The signs that Americans are driving less are everywhere. From headlines such as, "Gas Prices Spur Drivers to Cut Use to Five-Year Low", to increasing ridership on mass-transit systems and TV news segments on the growing numbers of folks bicycling to work, we see $4 gasoline doing what $3 fuel didn't: deliver a meaningful conservation response. But before we pat ourselves on the back for the DOE report that gasoline demand has fallen by 3% compared to last year, we should review a somewhat longer stretch of our recent history of fuel consumption and vehicle miles traveled. It suggests that the current decline, abetted by a weak economy, barely scratches the surface of our per-capita fuel consumption increase since 1995.
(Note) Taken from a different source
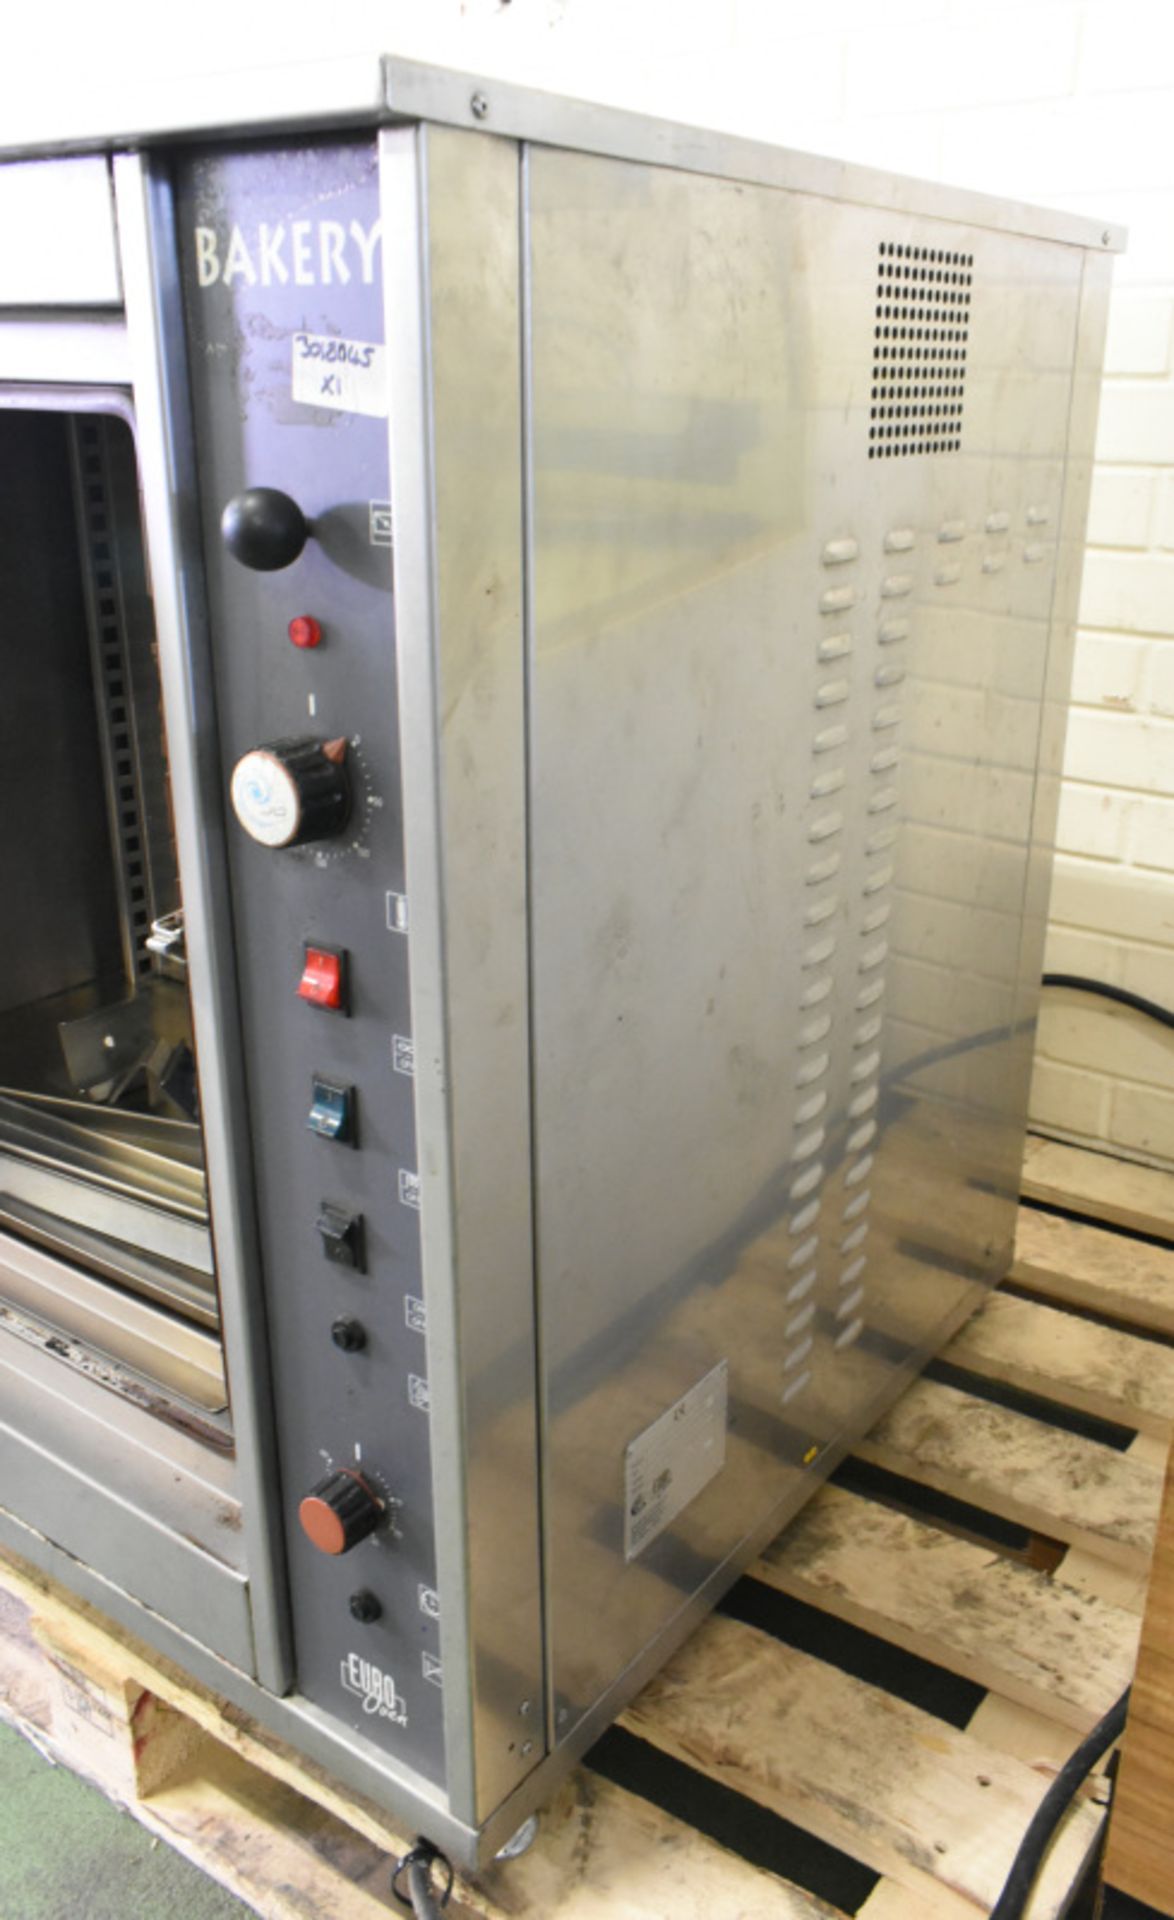 Euro bakery oven L 91 x W 73 x H 87cm - Image 4 of 6

Conventional wisdom blames the SUV fad for most of the increase in US oil consumption in the last decade or so. But while rising sales of large SUVs in that period certainly helped to stall the positive trend of passenger car fuel economy, the bigger culprit has been the heretofore steady growth in vehicle miles traveled (VMT.) Between 1995 and 2005 this statistic grew by 23%, slightly more than the 21% increase in gasoline and diesel fuel consumption, and ahead of the 19% expansion of our car and light truck fleet. By comparison, during this period the US population grew by about 13%. In other words, Americans have been driving more cars, and on average driving them farther each year, than in 1995, accounting for more of the accompanying increase in fuel consumption than SUVs. This year's 2% decline in VMT compared to last year's record figure only erases part of the roughly 10% per capita growth of average annual miles driven since 1995. If we unraveled the rest of that growth, we could reduce US gasoline consumption by another 8% without any contribution from the higher fuel economy of the new cars consumers are now choosing. That equates to more than twice as much oil as our use of ethanol will save this year.
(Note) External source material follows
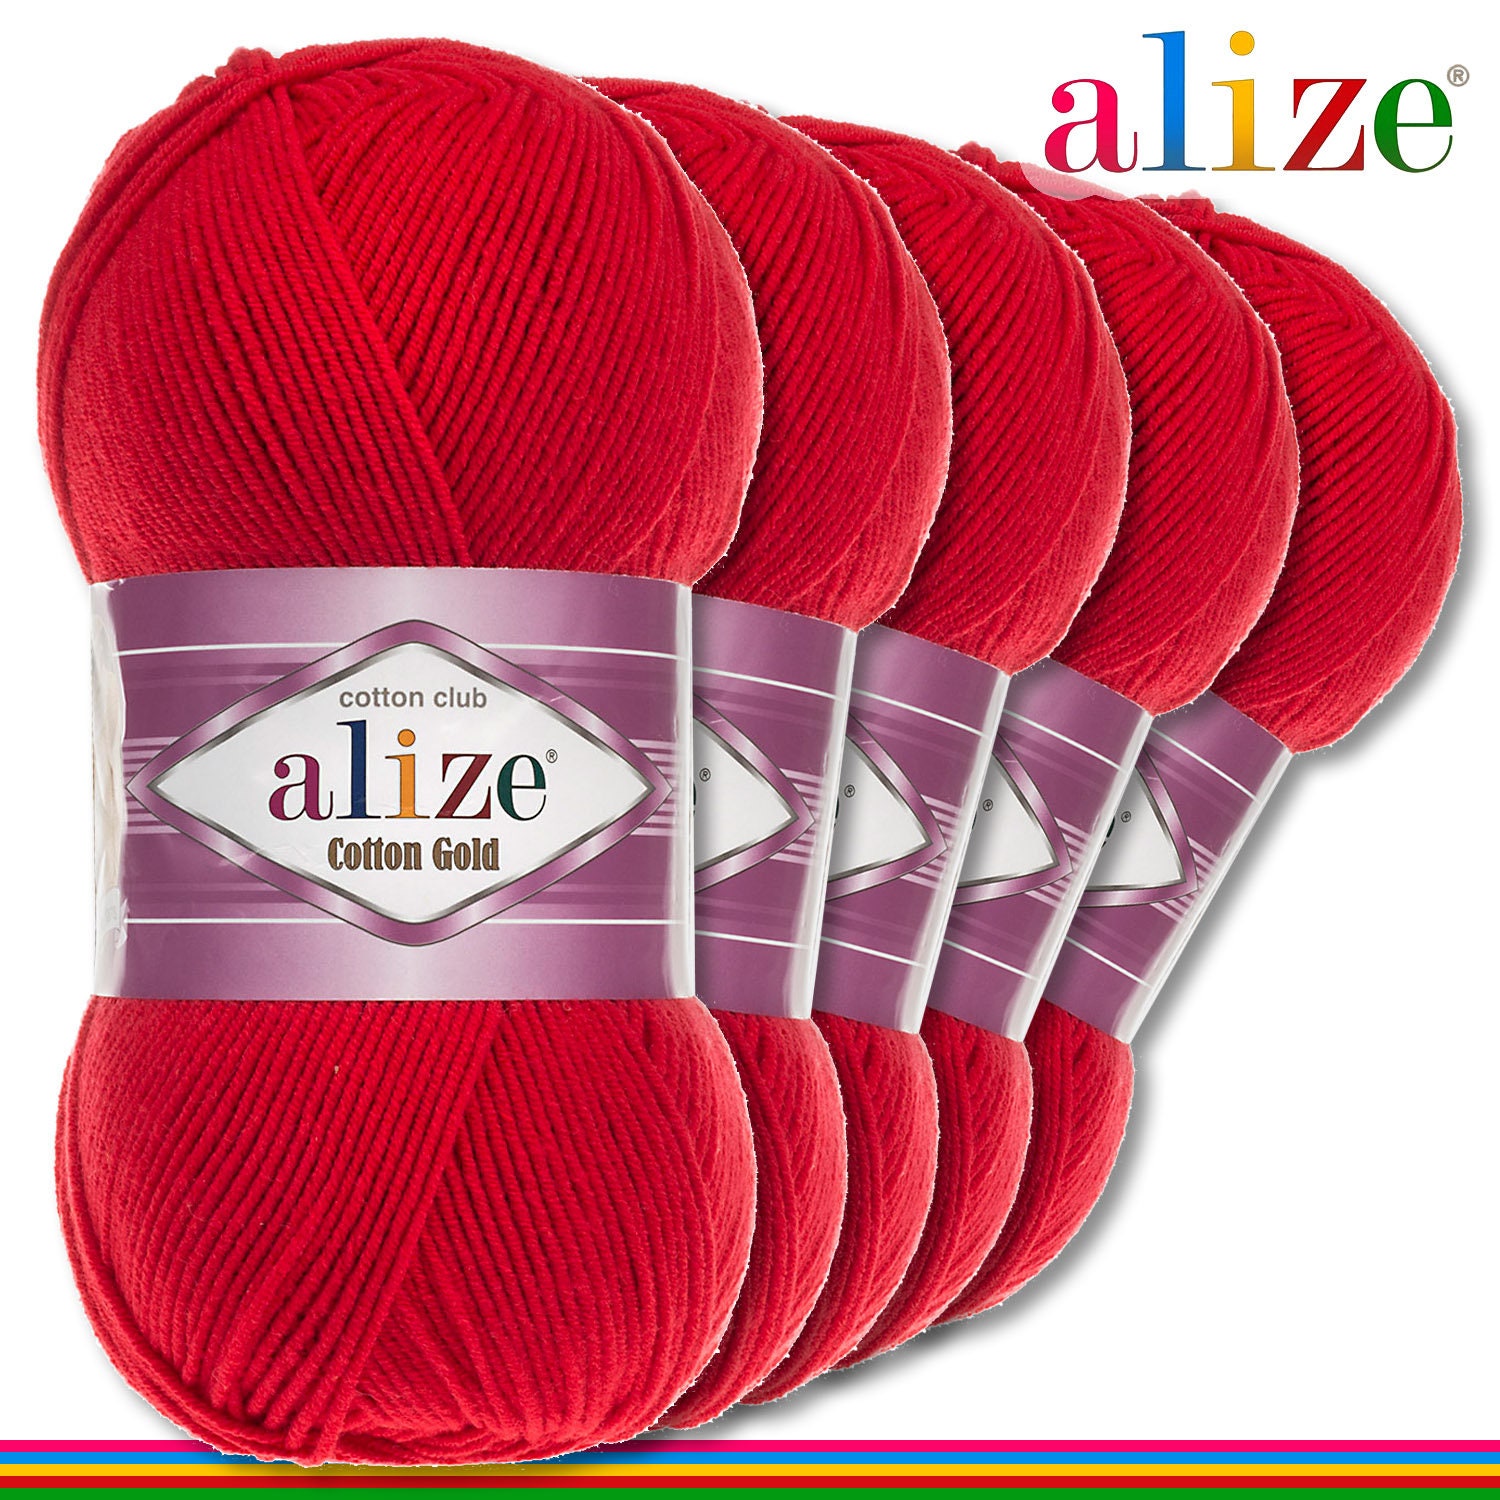 Alize 5 x 100 g Cotton Gold PREMIUM Wolle 55% Wolle-45% AcrylFuchsia 149

I don't pretend that conservation on that scale would be easy or costless. Some portion of the increase in VMT is structural, in the form of workers traveling longer distances from communities beyond the traditional suburbs. Much of the rest is associated with some sort of economic activity, including delivering goods and taking children to daycare or activities. The main advantage of this kind of conservation is that, at least in principle, it can occur much more rapidly than the efficiency gains from the gradual turnover of the vehicle fleet to smaller cars and a larger number of hybrids and alternative fuel vehicles.
It remains to be seen whether the fuel savings we are now observing will persist and expand, level out, or rebound. The first appearances of $2 gasoline in 2004 and $3 gasoline in 2005 delivered milder shocks to a healthier economy, slowing the growth of gasoline demand but not reversing it in the way that sustained $4 fuel has. That result could be put to the test, if oil prices continue to slide from their $145 high last week, or once the economy finally starts to improve. In the meantime, the scope for further behavior-based conservation remains significant.